Business outcomes are relatively easier to predict than investing outcomes, most of the time. Quoting from the May newsletter – Urban discretionary consumption stories have bullish commentary with the March revenue exit rate surpassing pre COVID levels. Almost all players here have opened more stores aggressively through Q4.
Q1 Results across urban consumer discretionary segments like travel, entertainment, QSR & branded garments are in line with the management commentary of Q4 FY22. Many brands have gone past their pre COVID highs on revenue. Urban India is consuming with a vengeance, a revenge consumption if you’d like to call it that.
When business outcomes start delivering, a useful construct is to see how stock prices react. If stock prices trend up on good results, you are in a good place. If prices don’t react well to good results, chances are all the positives are priced in. Go back to the market reaction to Q3 FY22 IT results, stocks were down 10% after YoY PAT rose more than 20%. A nice little lesson in there.
Quoting from the July newsletter – New stock market leaders reveal themselves at the beginning of every cycle, this time should be no different. Breadth of industry coverage should be a priority for every investor right now.
This has only gotten reinforced through July after some businesses declared Q1 results. We are finally seeing signs that India might become a more prominent manufacturing base for the world compared to what it has been historically. Investors once again need to choose their businesses carefully, through 2021 investors loaded up on the China + 1 narrative in chemicals only to see most of them run into severe margin pressure over the past 2 quarters. Eventually mean reversion to margins will happen at higher growth visibility, but it won’t be an easy journey in the meanwhile.
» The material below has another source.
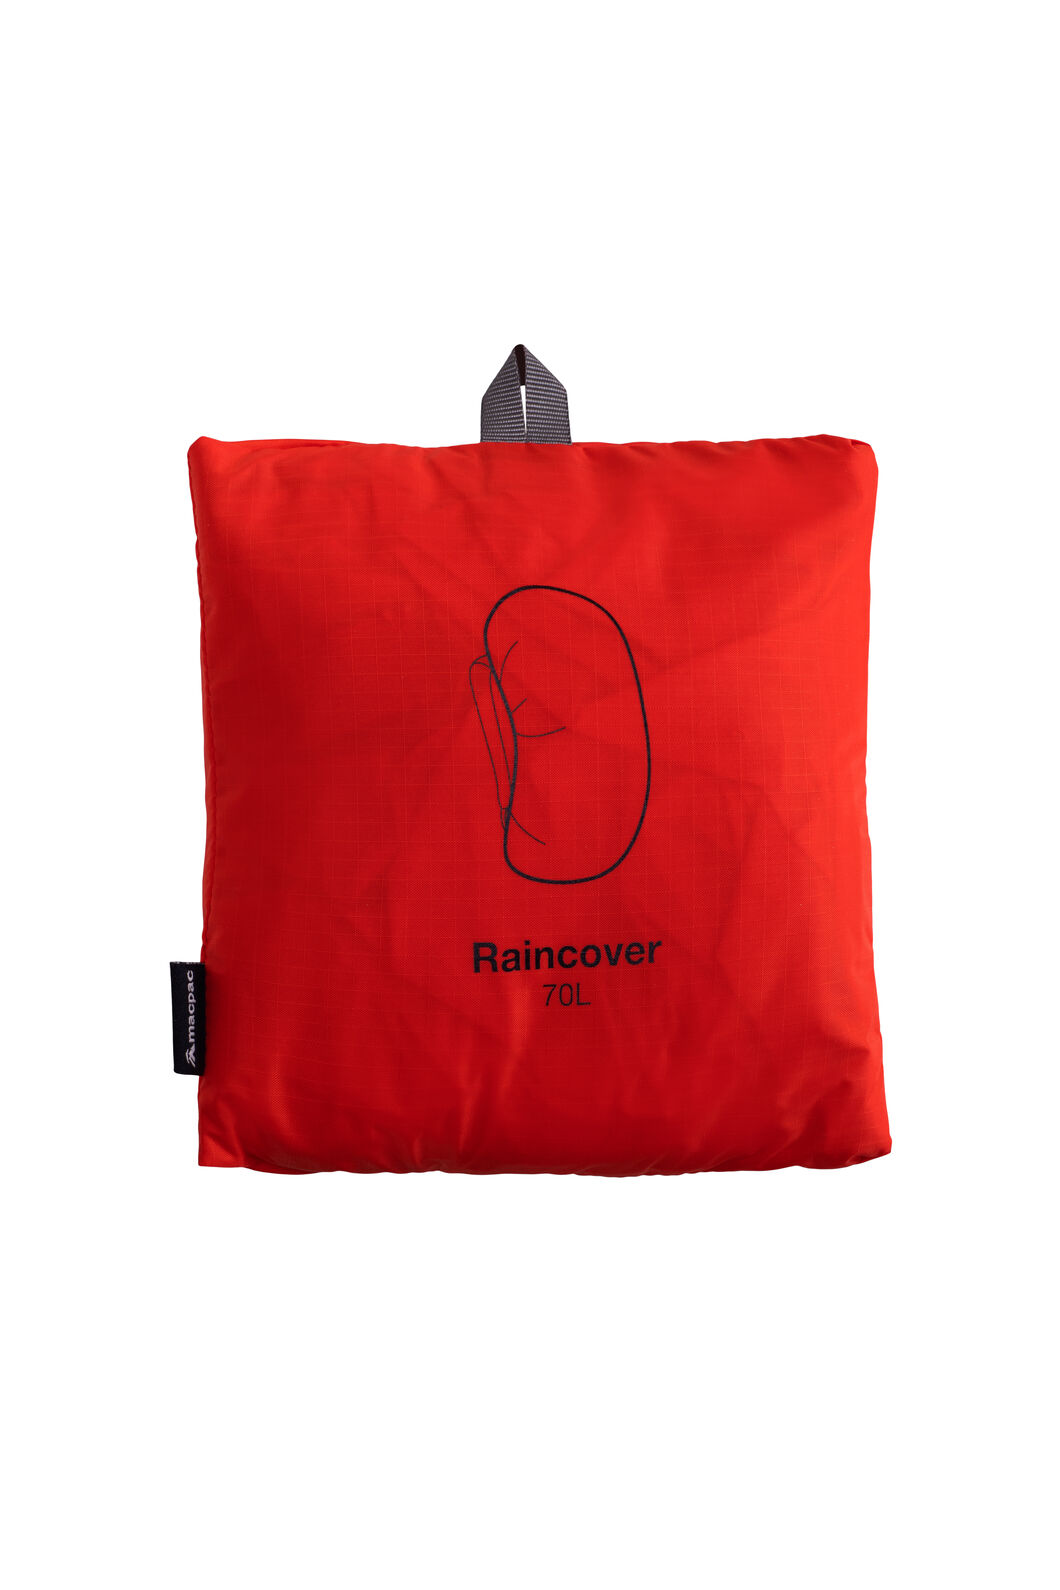 Macpac Pack Raincover — 70L, Indicator, hi-res

Through H1 FY23, the few businesses that manage margin pressures well may prove themselves to be a cut above the rest.
In the meanwhile, order book continues to swell for many business in the industrials and capital goods segments. When the Govt is in the mood to spend and has the resources to spend, order book translates into revenue predictably. Else the order book takes much longer to trickle down into the ecosystem. Thankfully we have a Govt that appears to be serious on things like power transmission modernization, discom reforms and railway infra modernization. Healthy GST collection gives the Govt enough ammunition to keep the spending momentum going, things might finally look up for these sectors after a muted decade.
Credit growth at banks is starting to print a healthy double digit number again as the sector comes out of the shadows of COVID related provisions and stresses. Lenders look more reasonably valued today than they did three years ago when 3 times price to book was the norm for a private sector bank.
The macro economic environment is likely to take at least 5-6 more months to get to a stage of predictable policy. While CY22 is all about policy pivots and macro uncertainty, chances are CY23 might be an year of policy predictability if not a policy pivot. In India 8% inflation is not a culture shock, we have dealt with this in the recent past, things are different in developed economies though.
It is time we started looking past the immediate effects of central bank policies on India. Time to think medium term about individual businesses that are improving their competitive position, operate in sectors that have healthy unit economics and have managements willing to build capacity to deliver the next round of growth.
Alpha generation is all about getting the micro story right while not being wrong on the macro story. If you get the macro story right without doing enough work on the micro story, chances are you will end up with headline index linked returns. In that case, why not just index it and spend your time elsewhere?